Provided data>
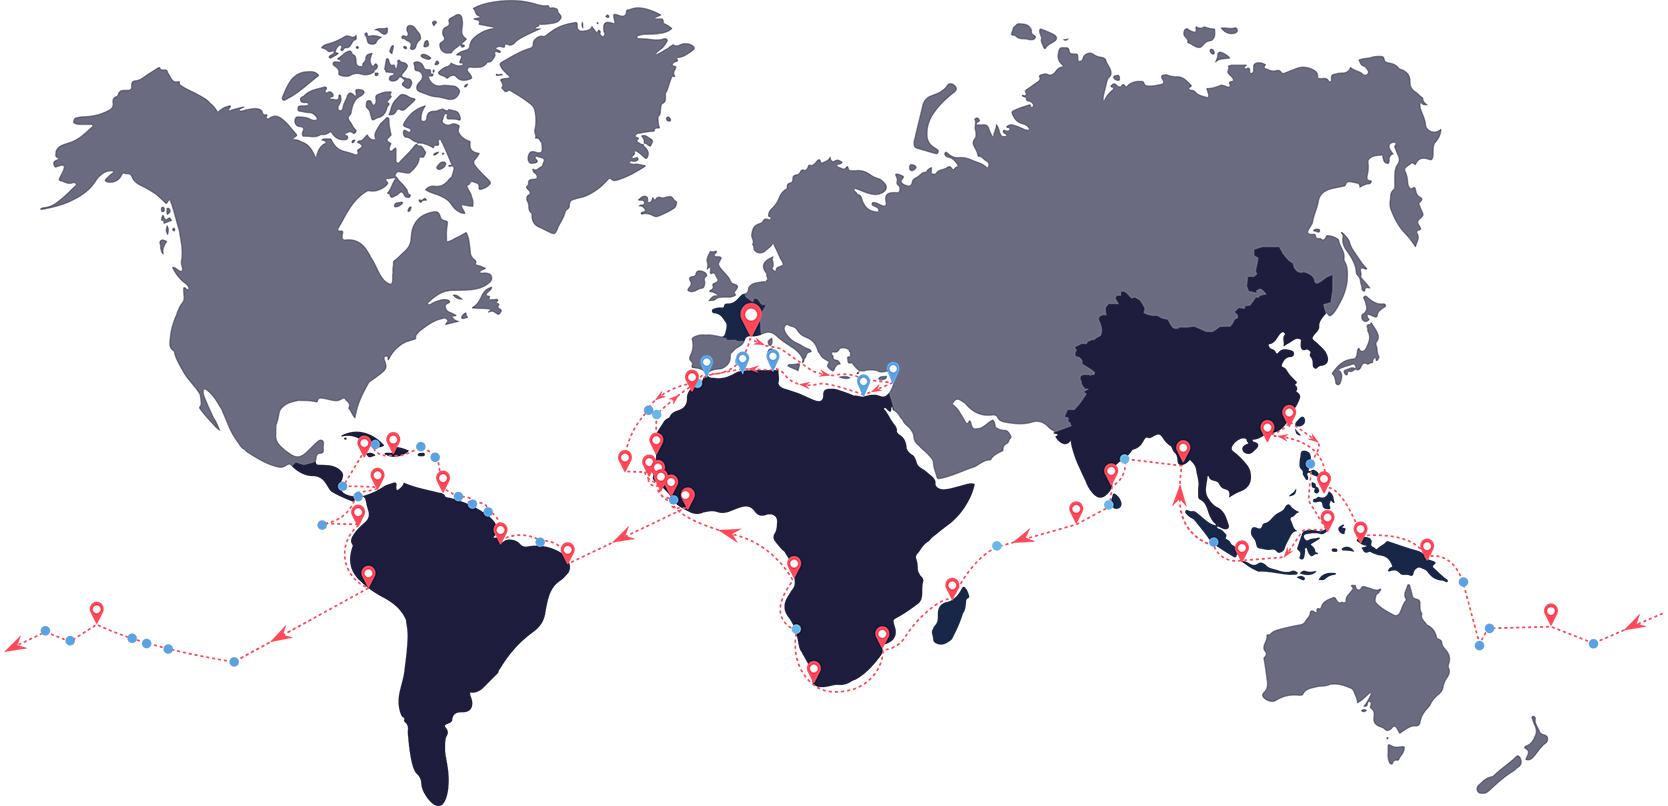 Carte de l'expédition autour du monde de Plastic Odyssey
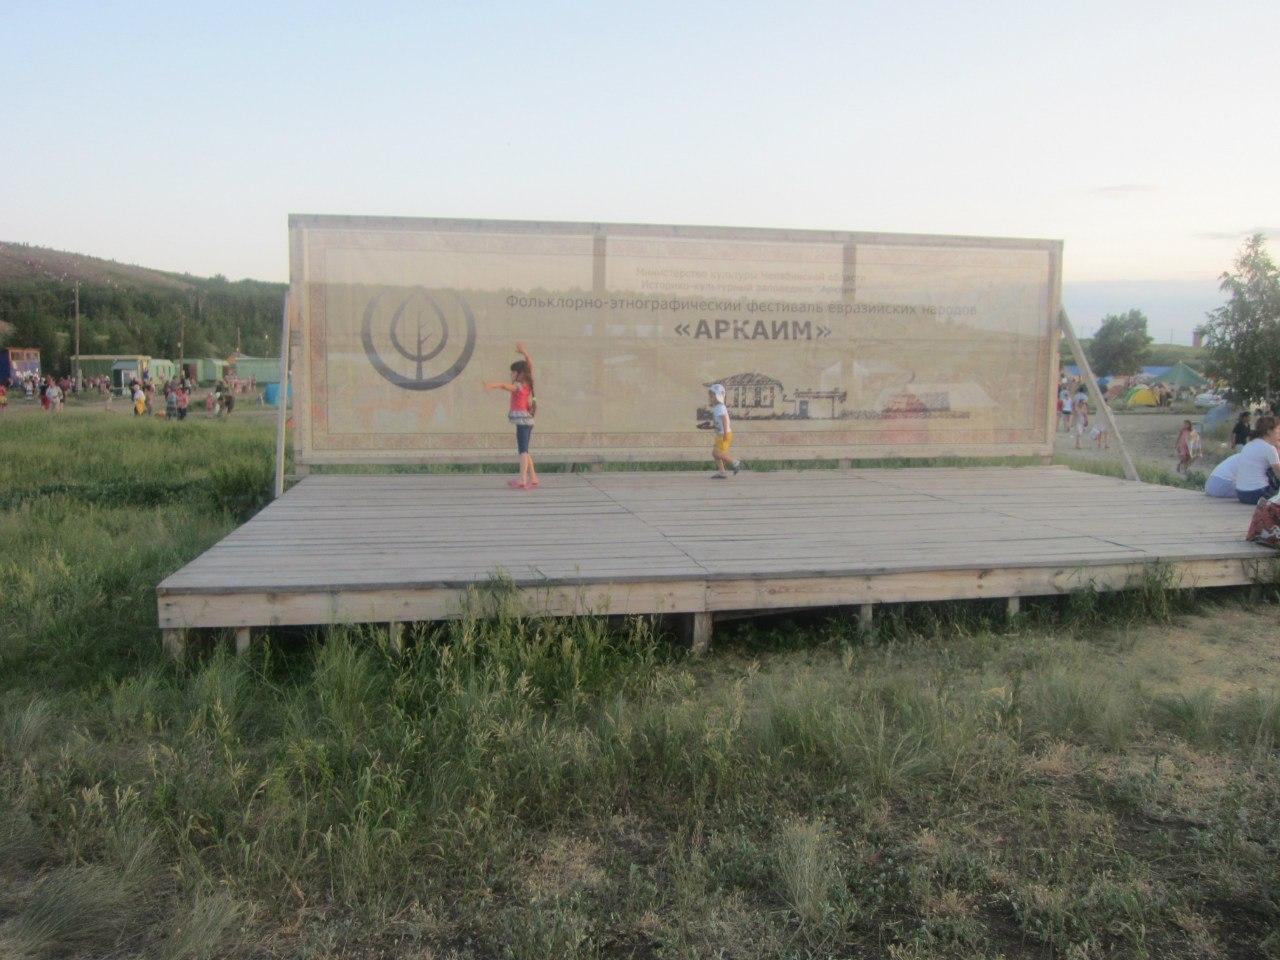 Дети ″отрываются″ на пустой сцене (25.06.2013)
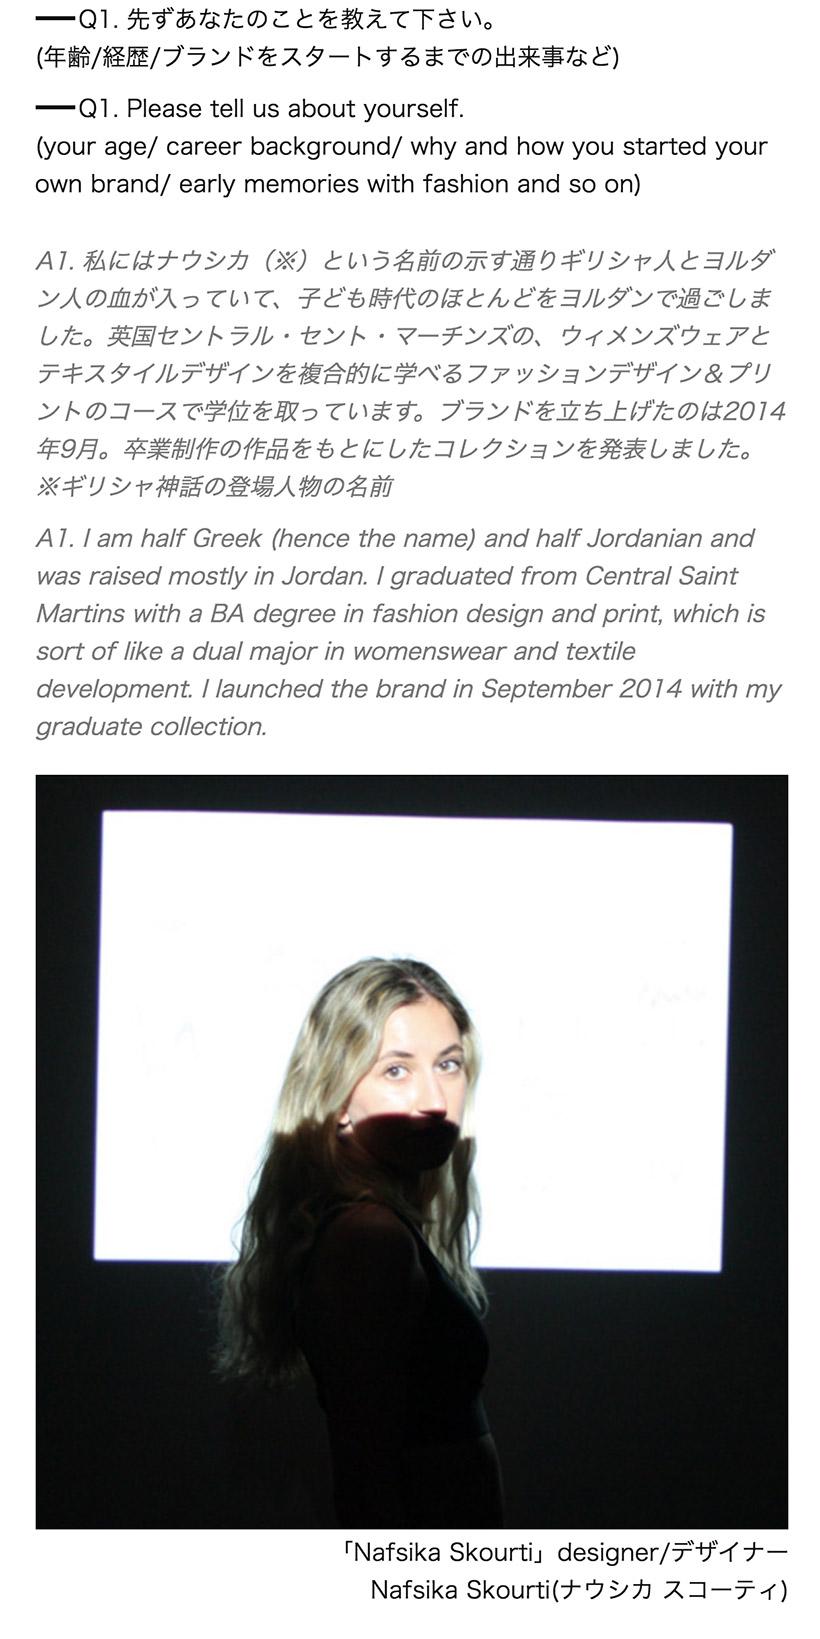 Nafsika Skourti Special Interview
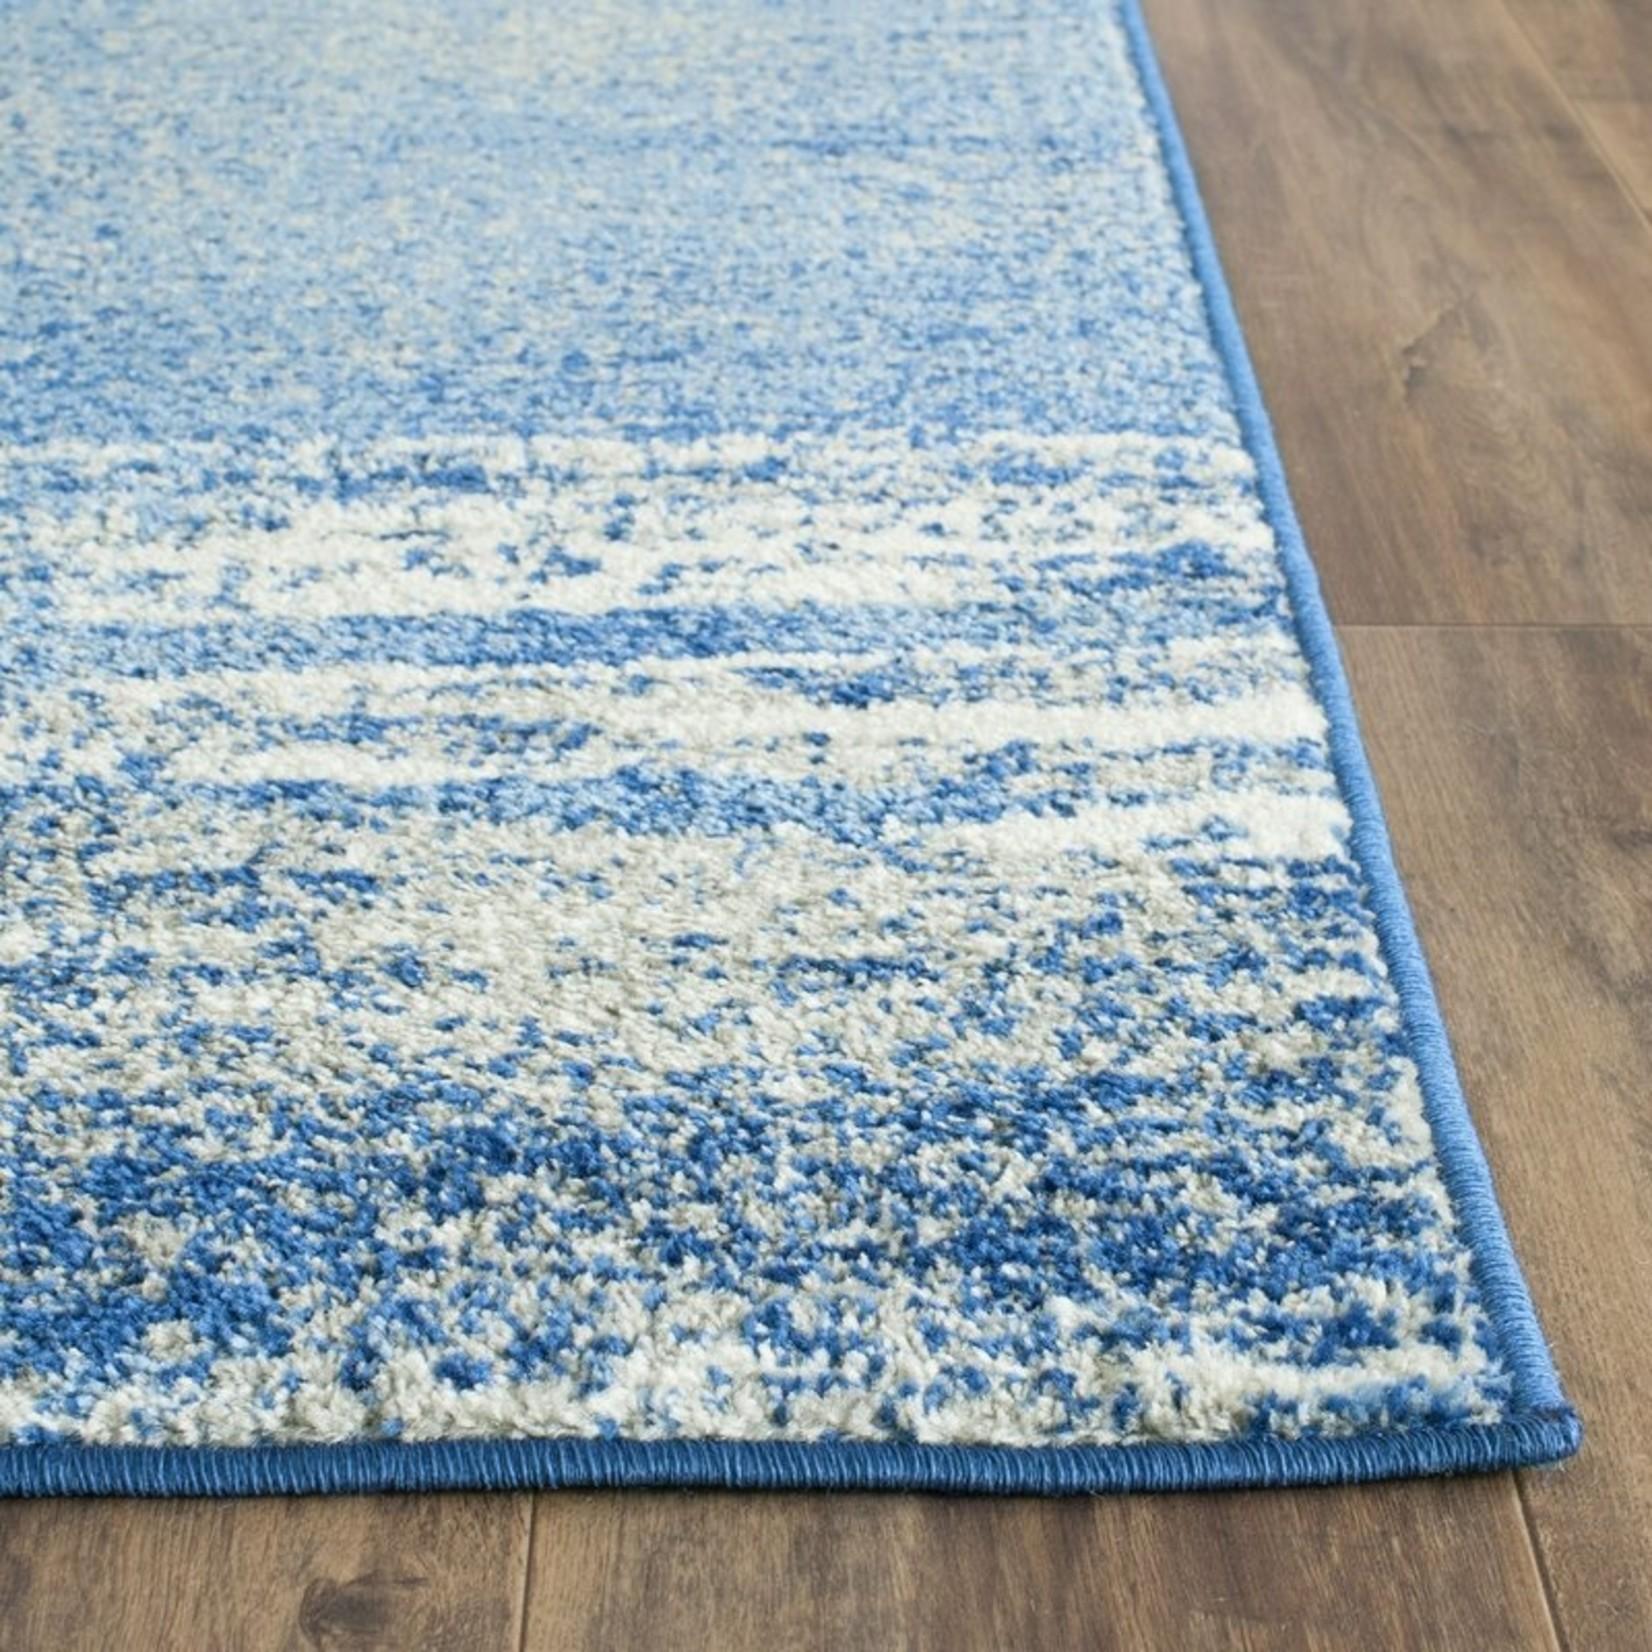 *3' x 5' -  Costa Mesa Abstract Silver/Blue Area Rug

Prompt> Nothing but the lines from the one holding "Nafsika Skourti Special Interview" through the last line of the listing should appear in the answer, copied exactly and without pictures.

The answer>
 Nafsika Skourti Special Interview
 *3' x 5' -  Costa Mesa Abstract Silver/Blue Area Rug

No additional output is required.